■ Data shown:
* * * * * * *
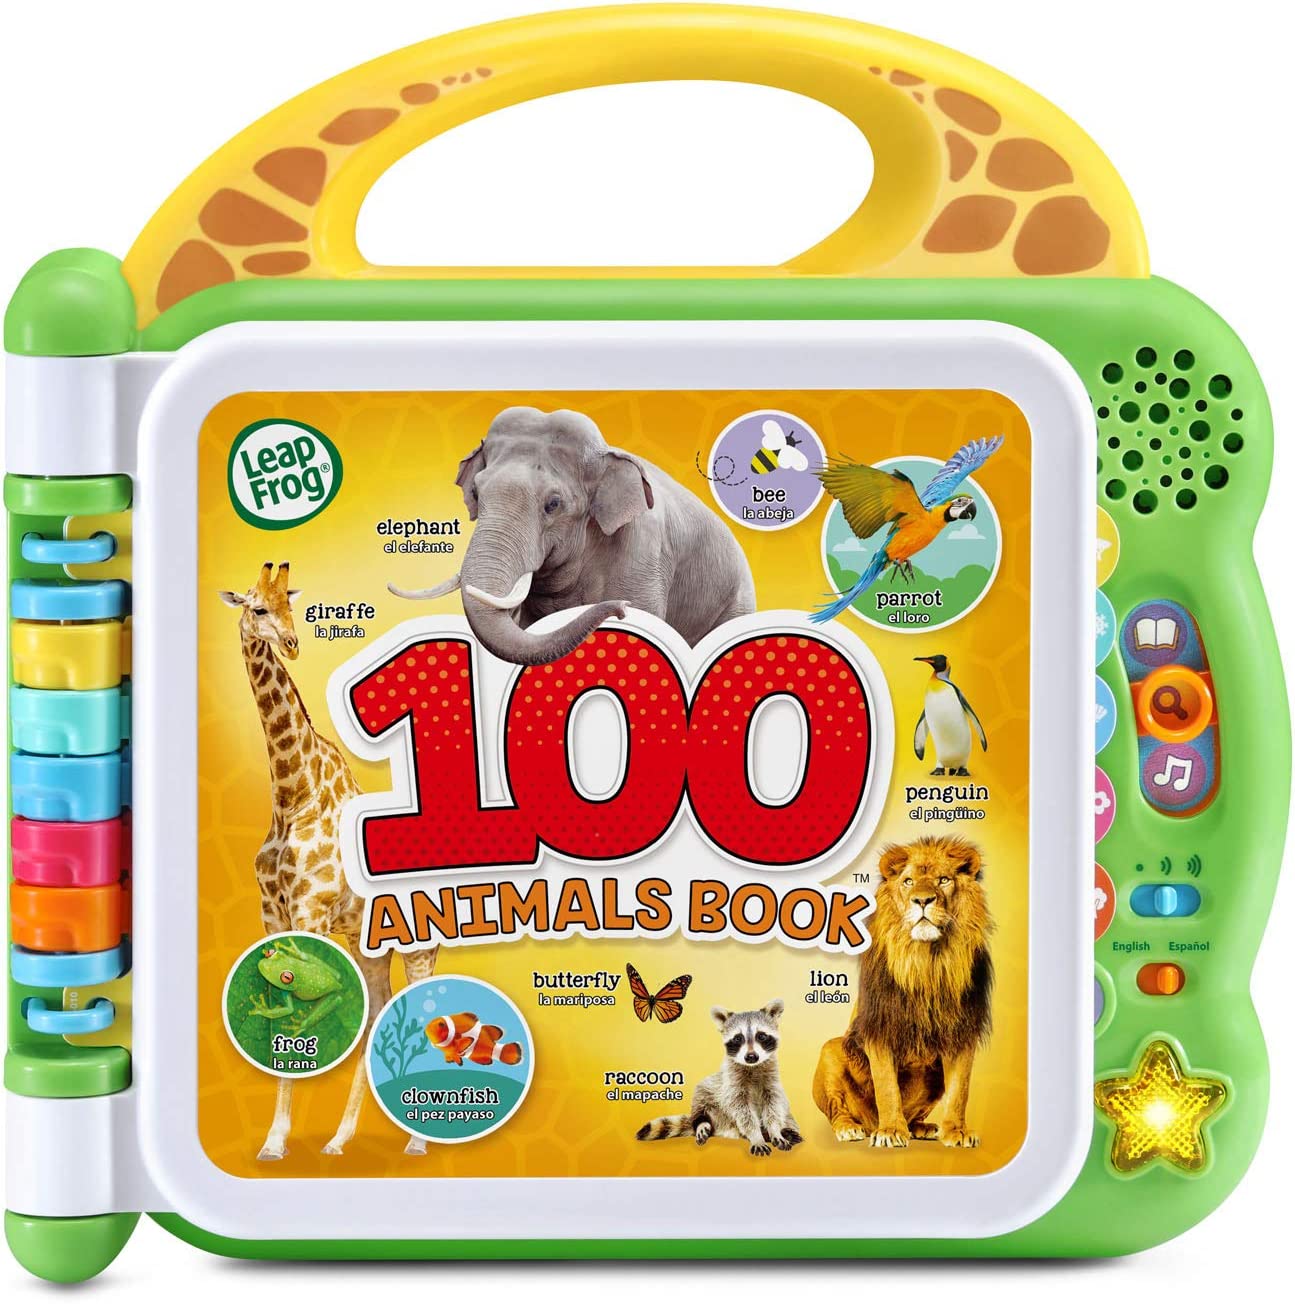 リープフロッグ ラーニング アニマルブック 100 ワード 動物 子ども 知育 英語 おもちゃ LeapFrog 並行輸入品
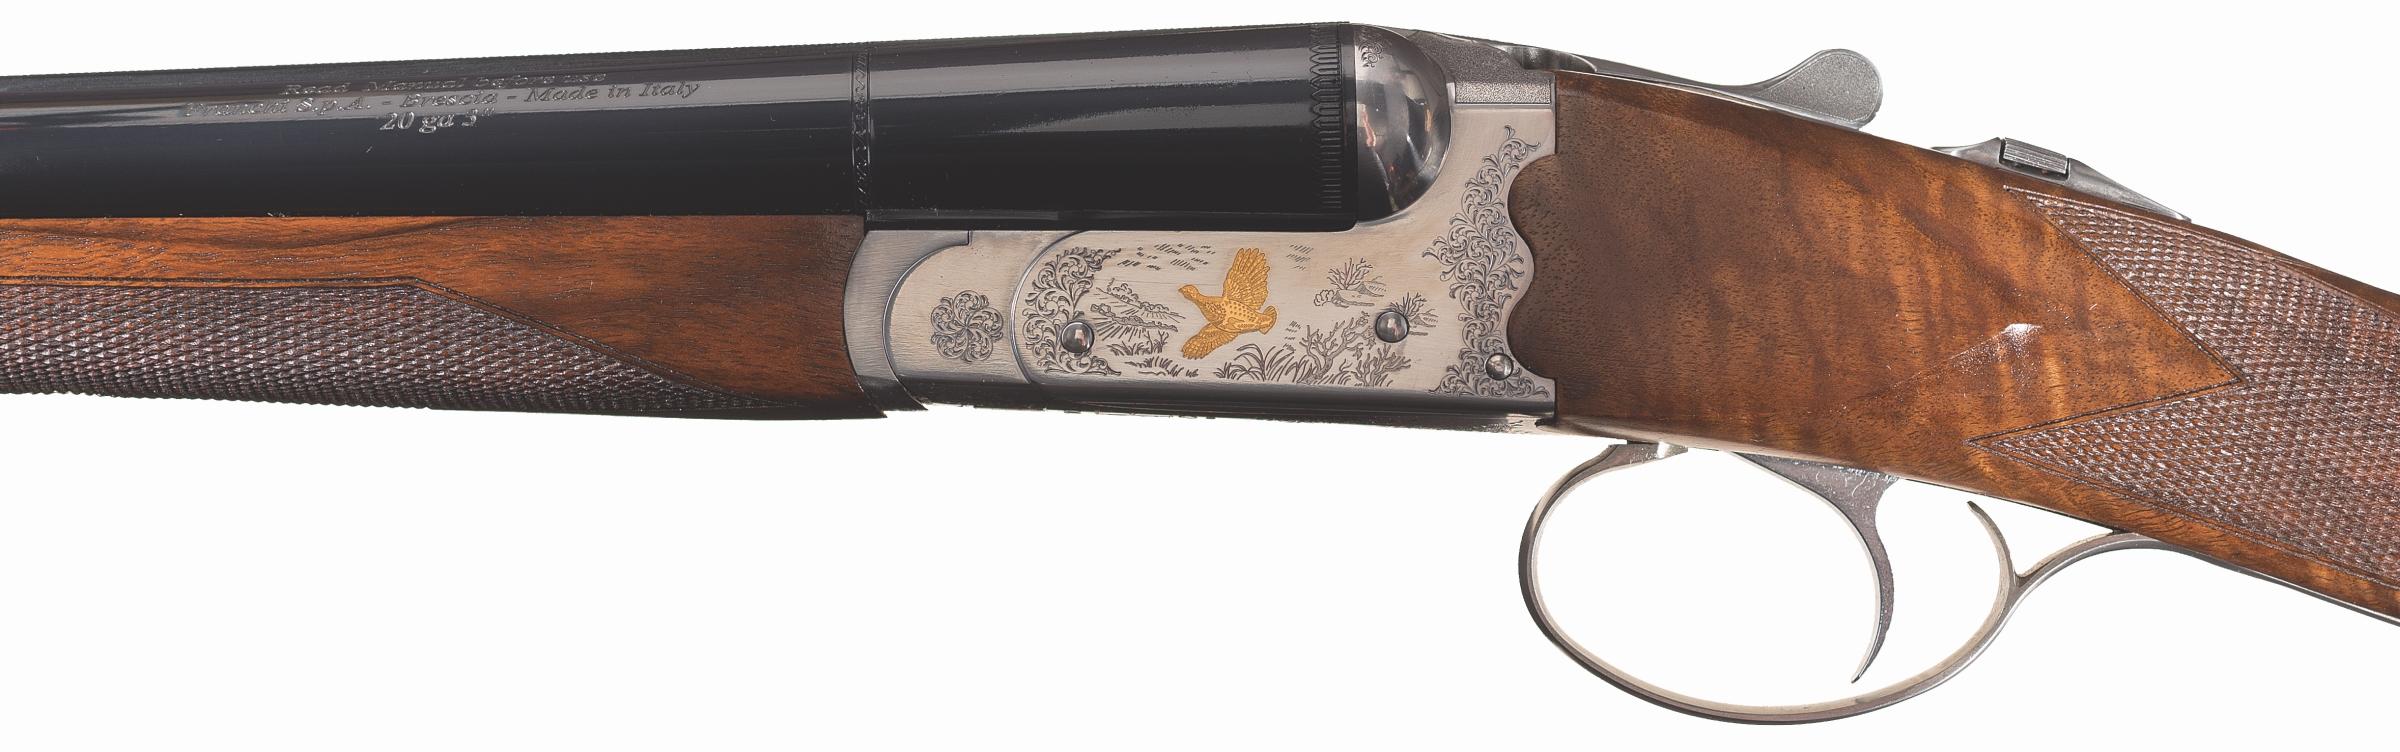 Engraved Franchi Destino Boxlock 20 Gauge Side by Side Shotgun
* * * * * * *
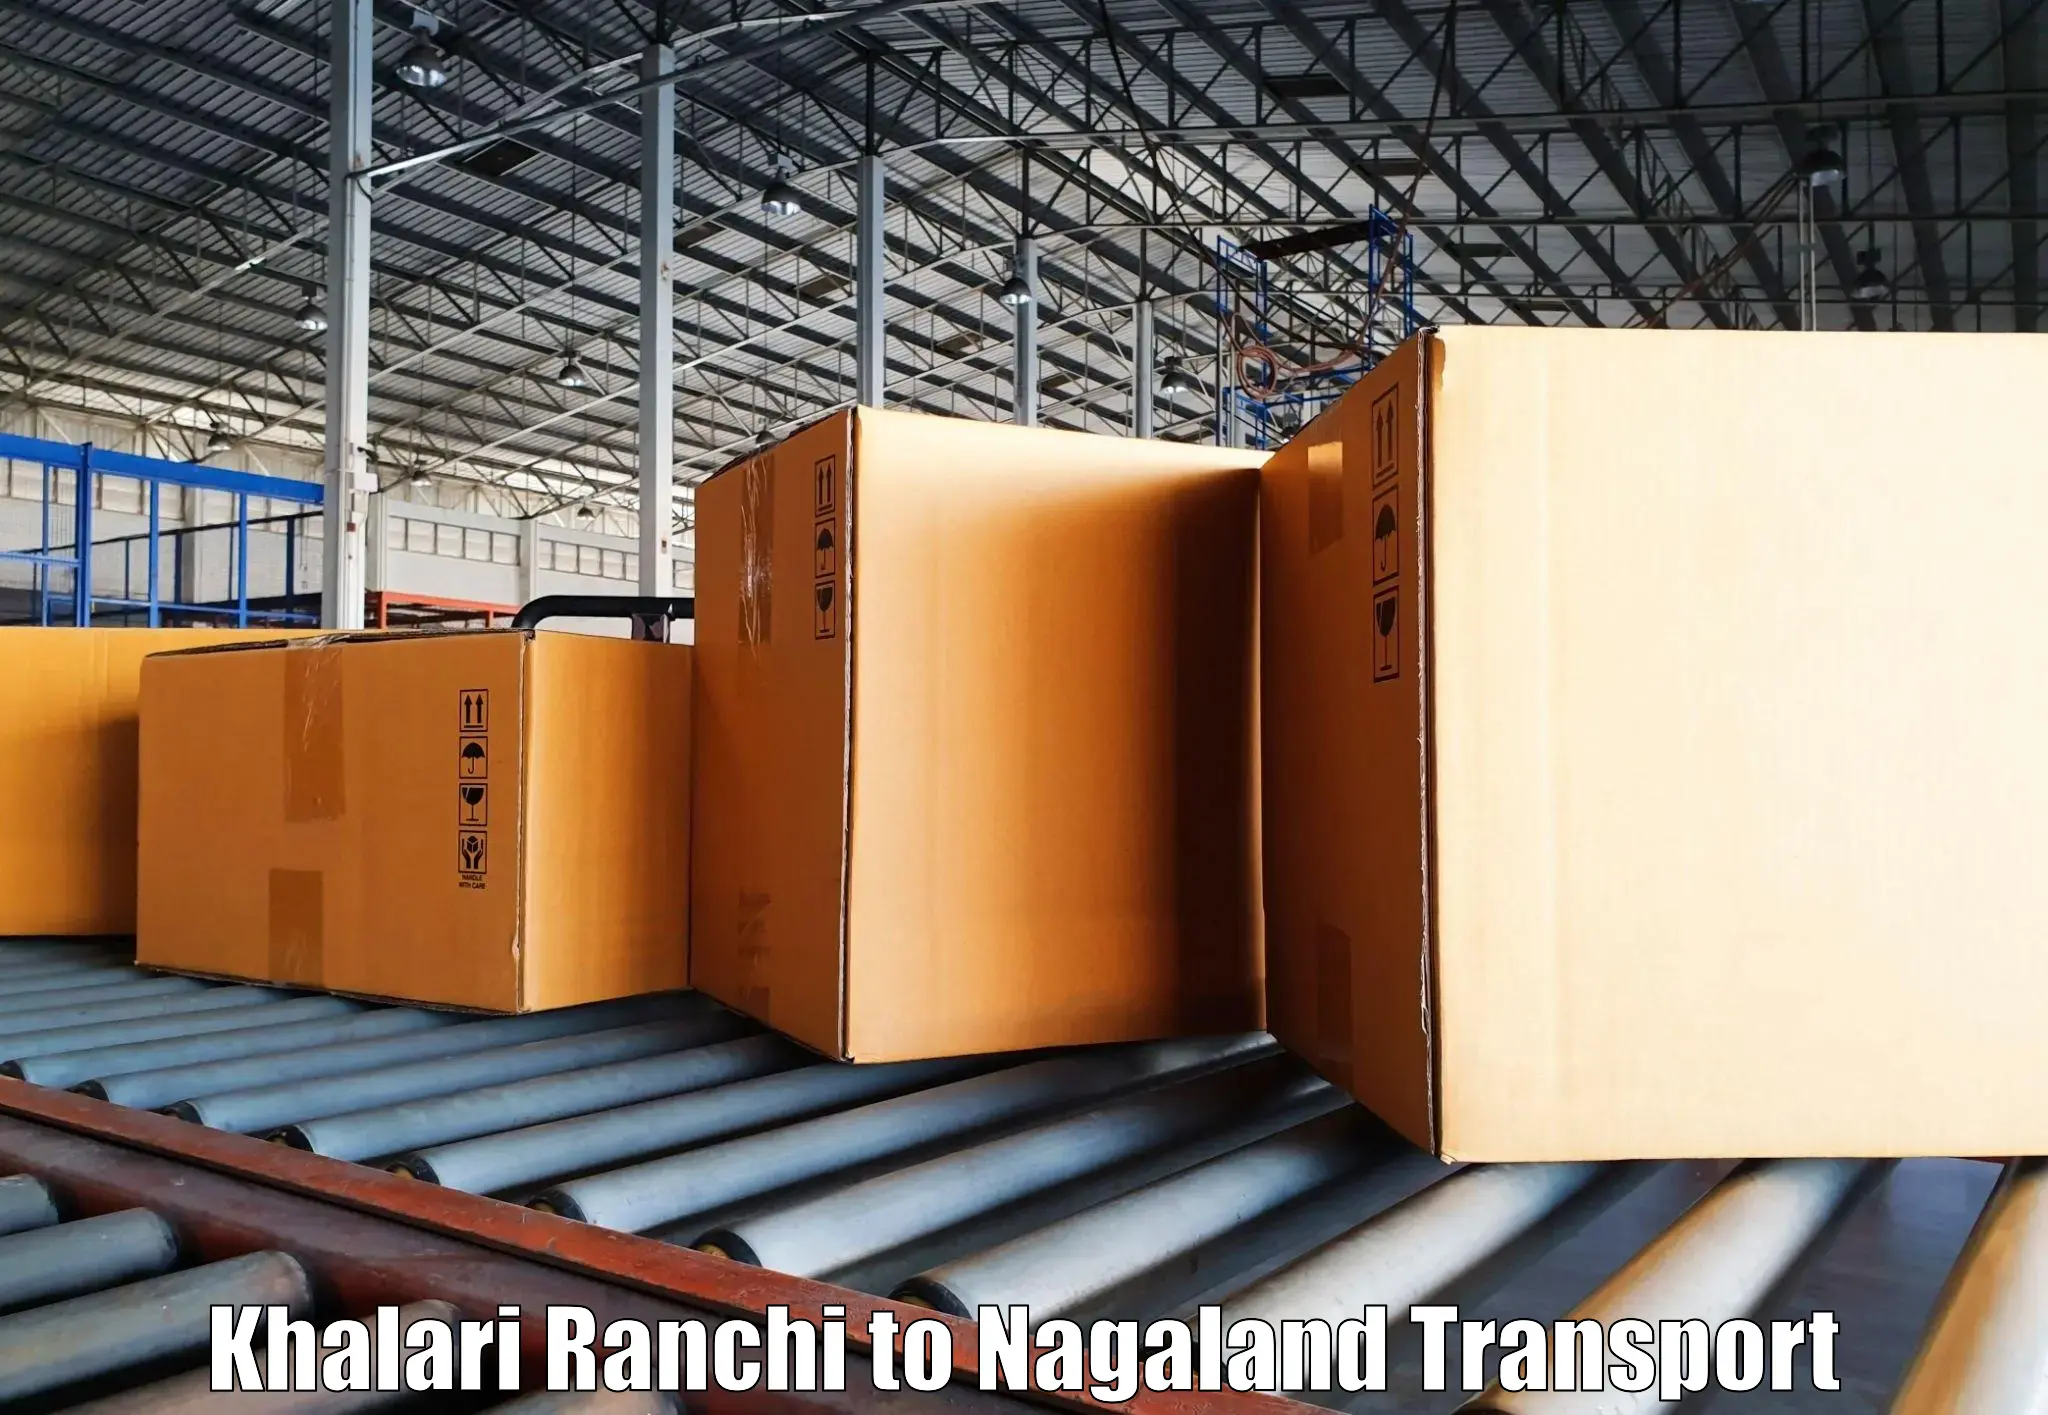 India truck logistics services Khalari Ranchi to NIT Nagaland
* * * * * * *
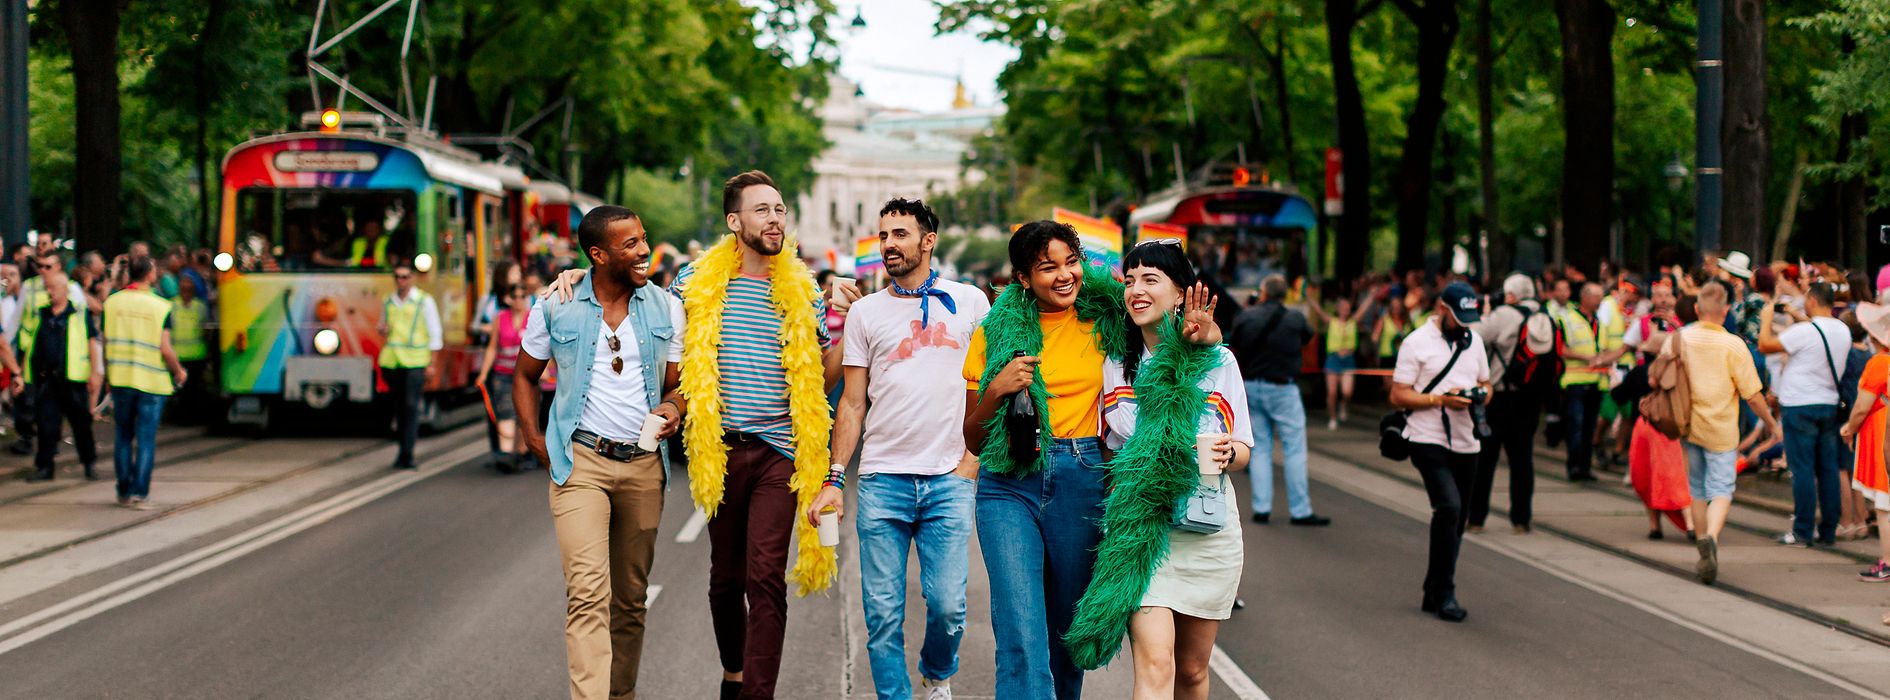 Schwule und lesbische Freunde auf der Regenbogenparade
* * * * * * *
■ Your objective: Would you set down only the lines above from the line with "リープフロッグ ラーニング アニマルブック" to the line with "Engraved Franchi Destino", both included, exactly as they stand and without the pictures?

■ Solution for this task:
 リープフロッグ ラーニング アニマルブック 100 ワード 動物 子ども 知育 英語 おもちゃ LeapFrog 並行輸入品
 Engraved Franchi Destino Boxlock 20 Gauge Side by Side Shotgun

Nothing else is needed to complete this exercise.